Utilizando um gerador de rede química automatizado baseado em taxas, os pesquisadores construíram a rede de reação de carbono mais abrangente para atmosferas de exoplanetas até o momento. O estudo modela explicitamente a formação de hidrocarbonetos policíclicos aromáticos (HPAs), bem estabelecidos como precursores de soot na química de combustão. Os resultados foram publicados na revista The Astrophysical Journal Letters, marcando um ponto de inflexão na astrobiologia planetária.

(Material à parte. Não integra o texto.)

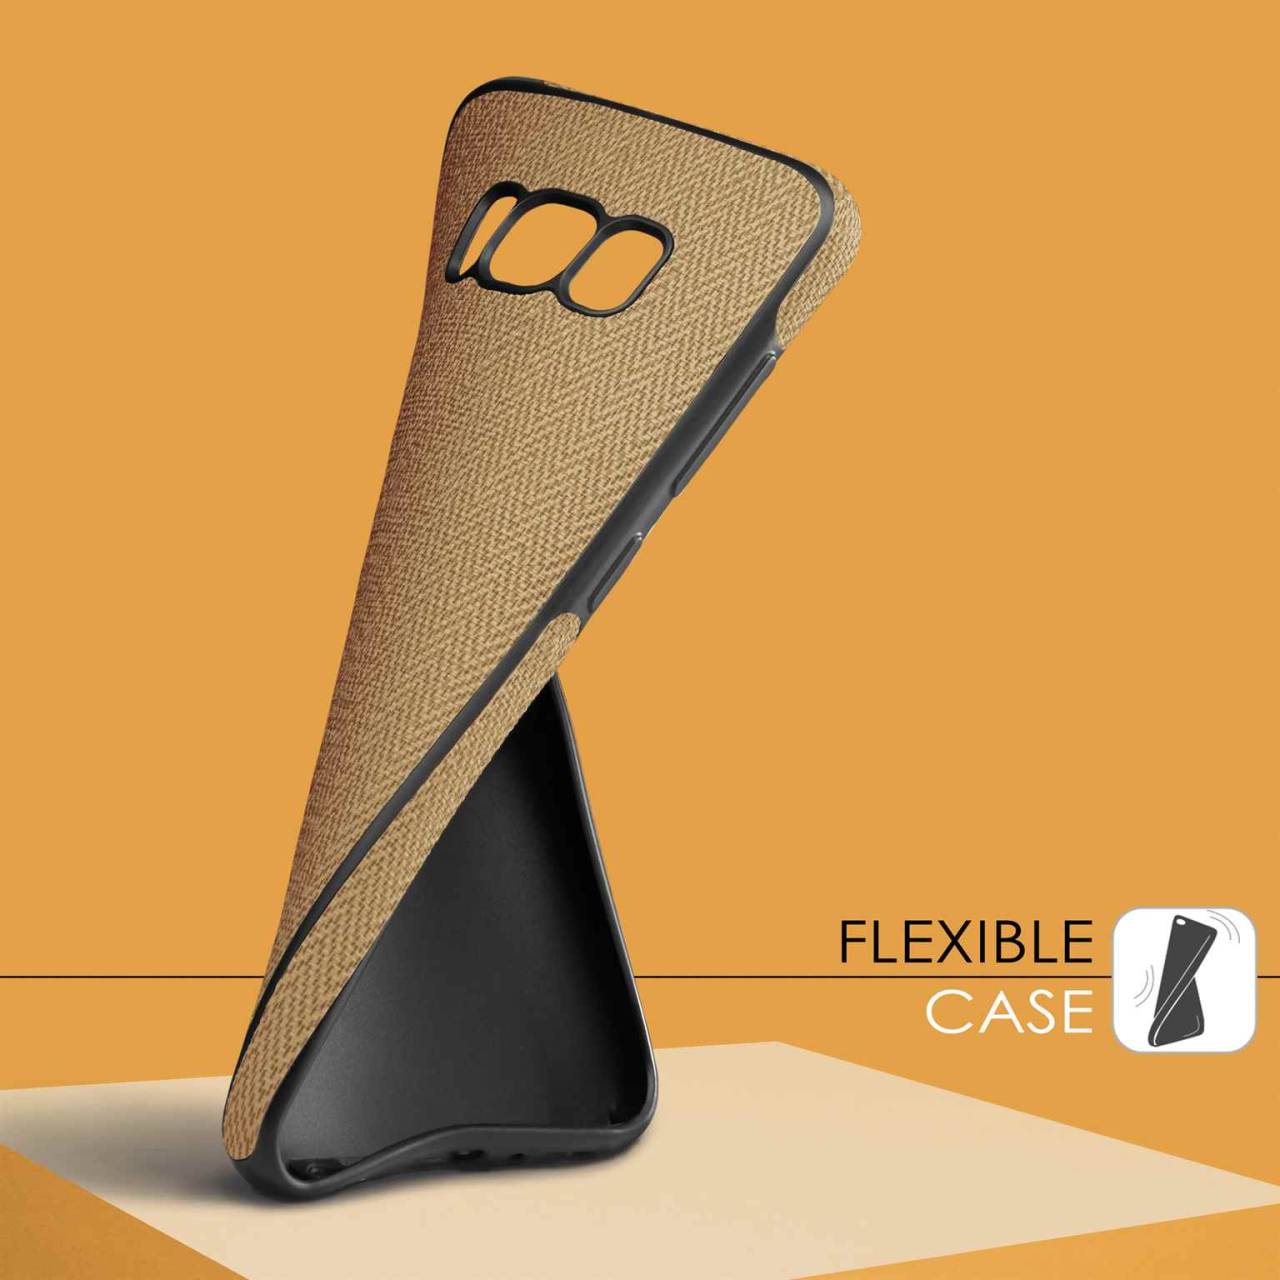 moex Chevron Case für Huawei P9 Lite – Flexible Hülle mit erhöhtem Rand für optimalen Schutz

O trabalho incorporou variáveis críticas nas simulações computacionais: a razão carbono-oxigênio (C/O) e as metalicidades dentro das atmosferas, além da temperatura de equilíbrio de cada planeta. A temperatura de equilíbrio representa a temperatura teórica que um planeta teria se fosse aquecido apenas pela radiação de sua estrela hospedeira. Os pesquisadores calcularam as escalas de tempo químicas de espécies de hidrocarbonetos através de um método de autovalor de escala de tempo e modelaram suas abundâncias congeladas em uma gama de C/O, metalicidades e temperaturas de equilíbrio.

Os achados revelam um mecanismo atmosférico extraordinário. A atmosfera profunda funciona como uma «fábrica de soot» análoga a um motor de combustão, transportando os ingredientes para a formação de aerossol de hidrocarboneto para a região da atmosfera observável pelo JWST, onde pode ser ainda mais aumentada pela fotoquímica. As abundâncias previstas de HPAs atingem o pico perto de 600 Kelvin e diminuem em direção a temperaturas de equilíbrio mais altas e mais baixas, em concordância com a tendência parabólica observada e observações existentes do JWST e do Telescópio Espacial Hubble.

Entre os exoplanetas analisados, GJ 1214 b, HD 97658 b, GJ 3090 b, GJ 9827 d, TOI-836 c e LP 791-18 c apresentam indicações de que sua razão C/O atmosférica pode desviar do valor solar. GJ 1214 b, localizado a aproximadamente 48 anos-luz da Terra, emergiu como o candidato mais promissor para hospedar uma atmosfera produtora de soot. O exoplaneta possui uma massa aproximadamente 6,26 vezes maior que a da Terra e um raio 2,74 vezes superior, orbitando sua estrela anã vermelha em apenas 1,58 dias.

A proximidade extrema de GJ 1214 b com sua estrela cria um cenário astrofísico singular: o planeta está travado por rotação, significando que sempre apresenta o mesmo lado voltado para a estrela. Essa configuração gera diferenças de temperatura dramáticas entre o lado diurno e noturno, indicando que o planeta não consegue transferir calor eficientemente através de sua atmosfera. Sua temperatura de equilíbrio de aproximadamente 550 Kelvin, combinada com sua composição atmosférica de alta metalicidade, o posiciona perfeitamente dentro dos parâmetros do estudo.

A pesquisa representa uma convergência interdisciplinar notável. Os hidrocarbonetos policíclicos aromáticos são moléculas em forma de favos de mel que resultam quando hidrogênio, carbono e oxigênio interagem em altas temperaturas, compondo o soot em escapamentos de caminhões ou filtros de óleo de motores de carros. Ao aplicar princípios da química de combustão terrestre ao estudo de exoplanetas, os cientistas desbloquearam uma compreensão fundamentalmente nova sobre por que tantos mundos distantes apresentam espectros atmosféricos anormalmente opacos.

Segundo apontou o portal Universe Today, essa descoberta resolve um mistério que intrigava astrônomos há anos: por que os espectros de transmissão de muitos sub-Netunos retornavam leituras estranhamente sem características. A resposta reside nas fábricas de soot que envolvem esses mundos alienígenas, obscurecendo suas assinaturas atmosféricas e desafiando futuras observações do JWST e de telescópios de próxima geração.